CHRONIQUE / REVIEW

caravela escarlate

caravela escarlate

Releases information

Release date: November 30, 2017

Format: CD, Dig

Label: Vertice Cultural

From: Brésil / Brazil

9,0

Philippe André - January 2018

TRANSLATED REVIEW (GOOGLE TRANSLATE) BELOW FRENCH TEXT !

CHRONIQUE / REVIEW

CD

 

Deuxième album pour le trio brésilien CARAVELA ESCARLATE que nous avions découvert il y a à peine un an avec un premier essai un peu court et un peu timide selon moi car essentiellement acoustique ou électro acoustique, même si l'on sentait bien qu'il y  avait une indéniable qualité en germination dans leur musique.
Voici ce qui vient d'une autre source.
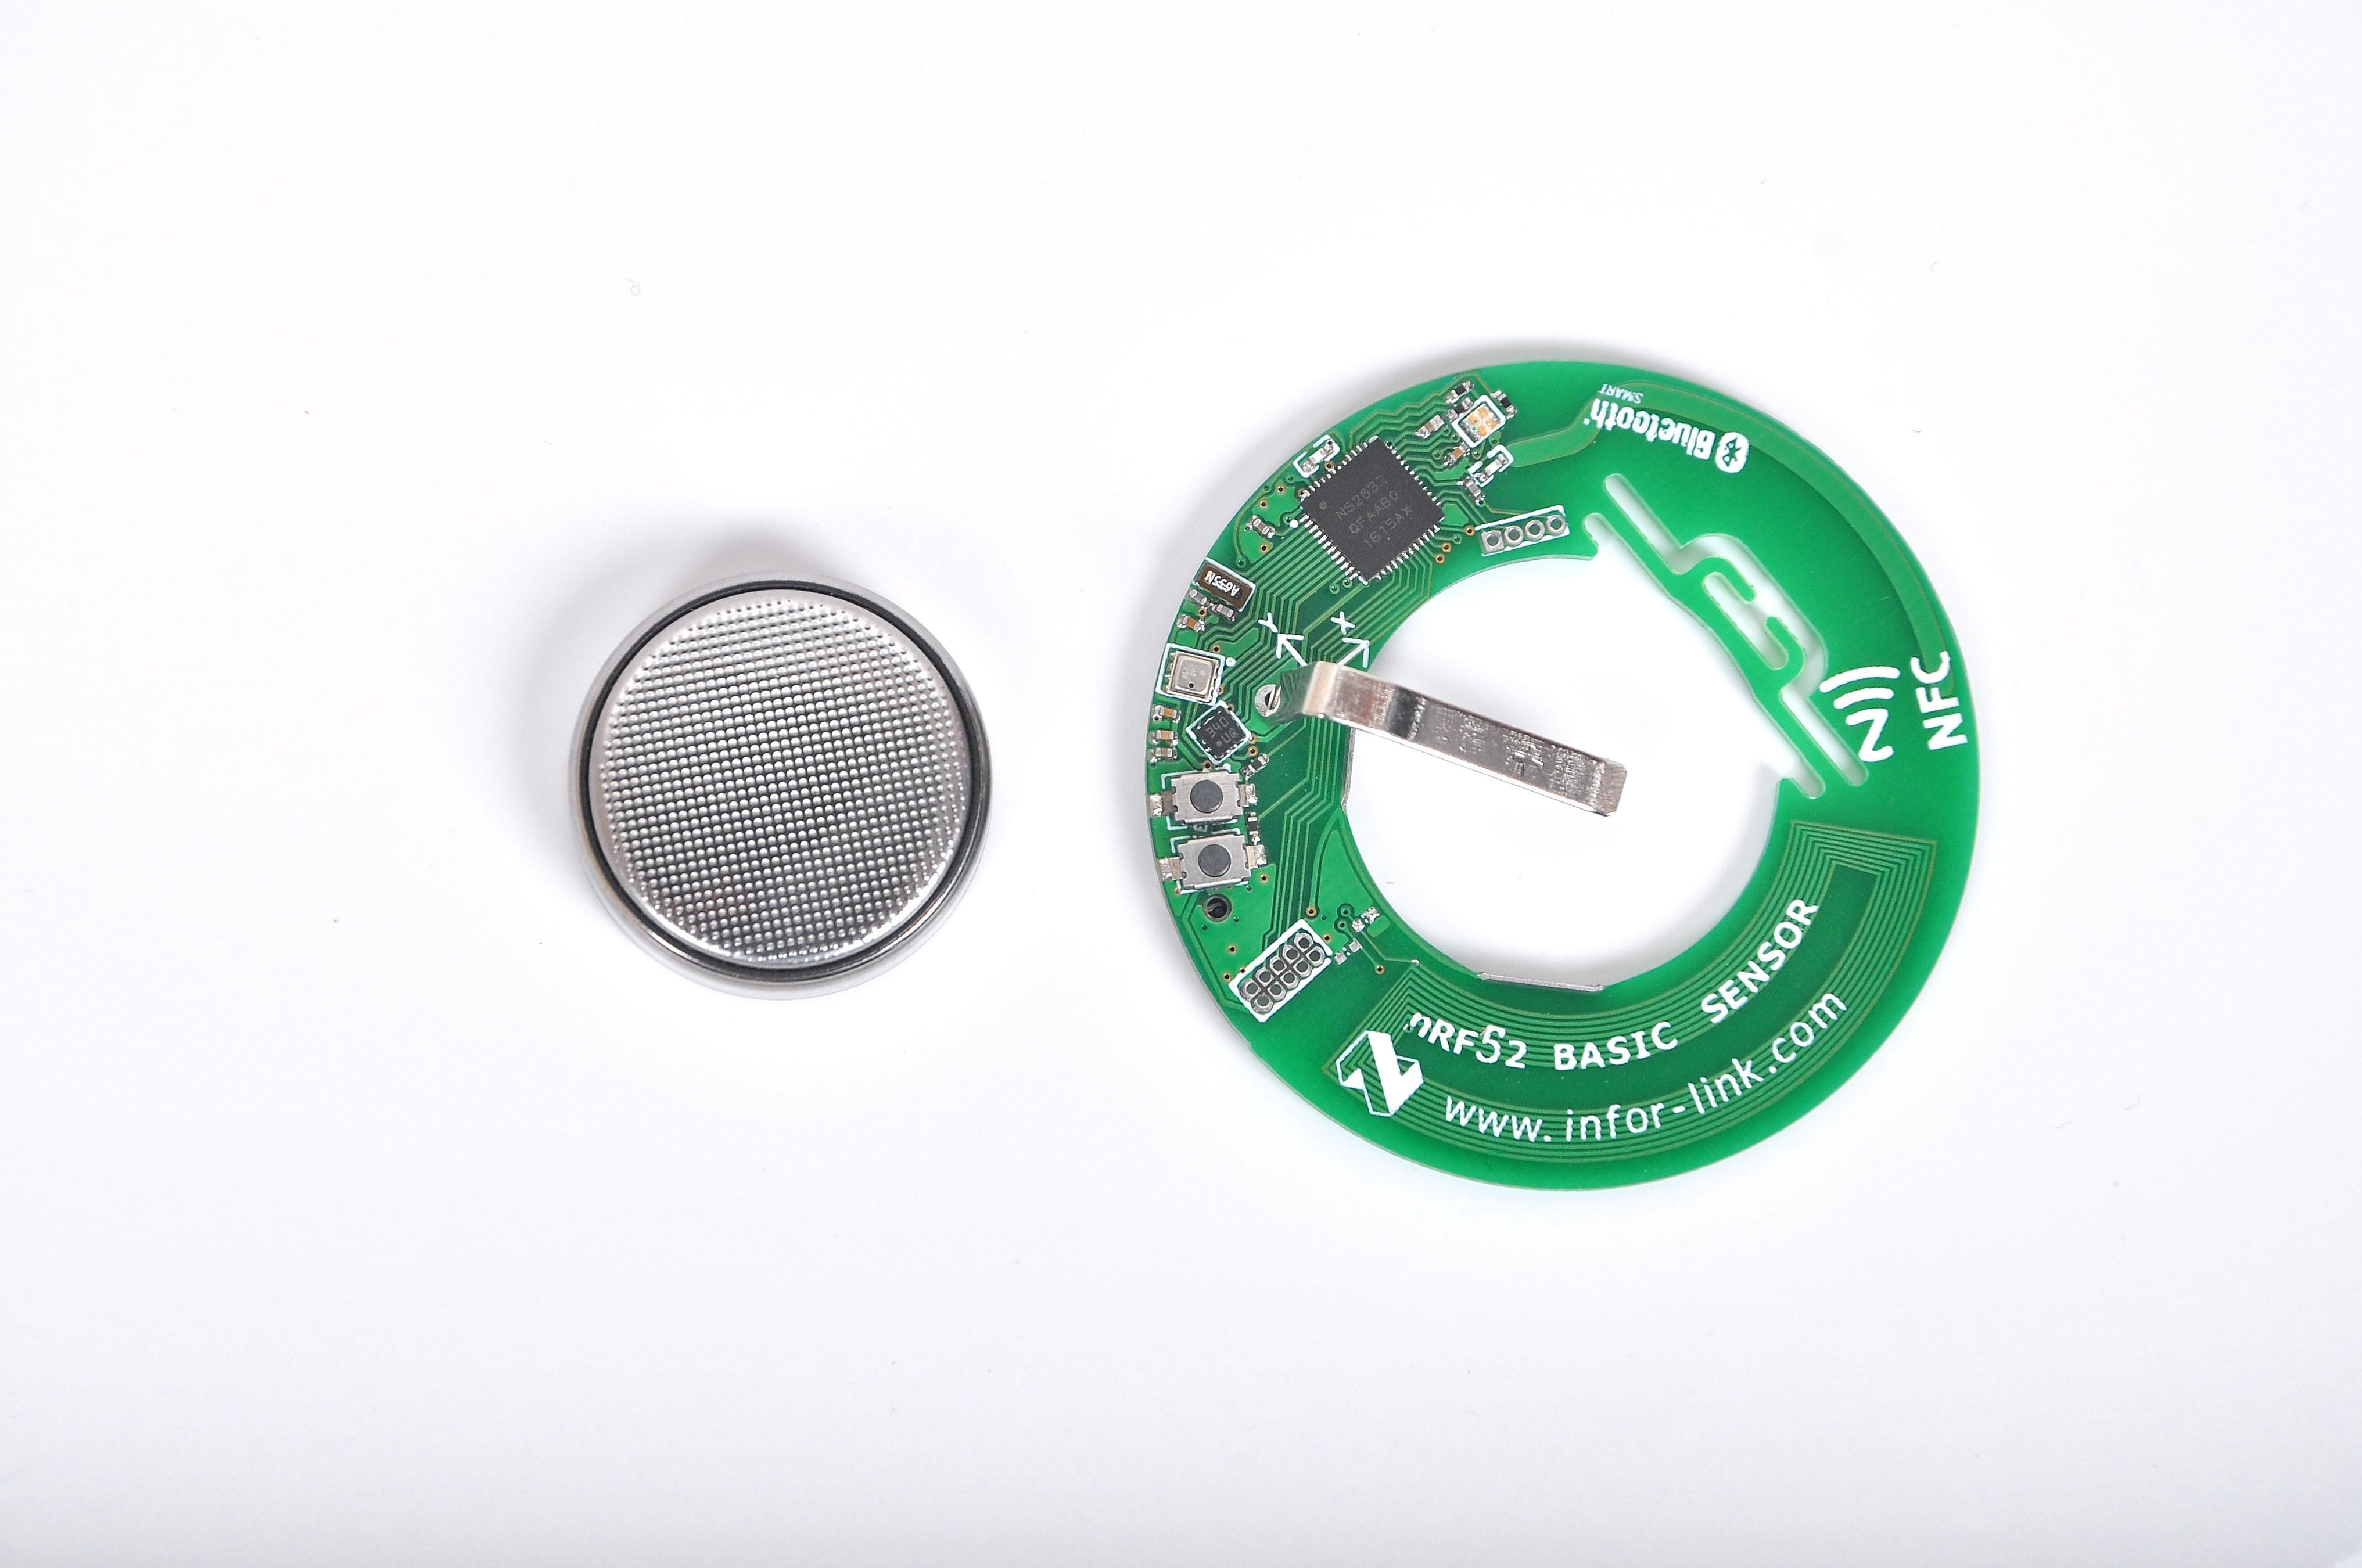 Nuovo prodotto! NRF52832 Bluetooth, sensore wireless, sensore di accelerazione, BME280 ambiente sensoreNuovo prodotto! NRF52832 Bluetooth, sensore wireless, sensore di accelerazione, BME280 ambiente sensore

Petit rappel historique, le groupe est avant tout le projet du multi instrumentiste David CARAVELLE, d'où le nom de la formation de RIO dont le but avoué est de transcender le rock progressif des seventies avec la musique colorée du pays qui l'a vu naitre. David a décidé de travailler en étroite collaboration sur son projet avec Ronaldo RODRIGUES, par ailleurs claviériste d'ARCPELAGO. Tous les titres sont calibrés de quatre à un peu moins de sept minutes excepté les deux dernières pièces qui peuvent être considérées comme des épics.

Bien sûr, il faudra vous familiariser avec un chant plus rare qu'habituellement puisque David chante dans sa langue natale c'est à dire le portugais et ce n'est pas évident à assimiler, foi de chroniqueur francophone. Le voyage débute avec "Um Brilho Fragil no Infinito", une pièce très peu chantée, menée brillamment par la guitare de David et les claviers de Ronaldo tous les deux en parfaite osmose (le thème principal exposé y est superbe), un de mes  titres préférés sans aucun doute. Le morceau éponyme qui suit, introduit par une basse lourde, est d'une grande douceur et d'une grande délicatesse rappelant les grandes heures de SAGRADO pour les vieux fans de l'école Auriverde.

"Atmosfera" est totalement instrumental avec en vedette l'orgue de Ronaldo RODRIGUES, une pièce qui s'écoute facilement même si elle n'est pas foncièrement différente d'autres du même genre déjà entendues ailleurs."Gigantes da Destruiçao" presque sept minutes qui vient après, débute calmement, très bien chanté par mister CARAVELLE, très agréable pour lequel j'ai du mal à trouver une analogie (certainement pour la langue utilisée), une pièce qui s'emballe quelque peu dans sa seconde moitié (avec une belle ligne de basse ronde et mélodique), une des meilleures de l'album. "Toque as Constelaçoes" est également un morceau calme, peu mais bien chanté aussi, et Ronaldo y confirme son grand talent de claviériste (très proche encore des maitres SAGRADO). "Futuro Passado" avec un orgue plus acidulé est le titre que j'ai le moins apprécié, moins bien chanté que les autres titres mais pas inécoutable pour autant.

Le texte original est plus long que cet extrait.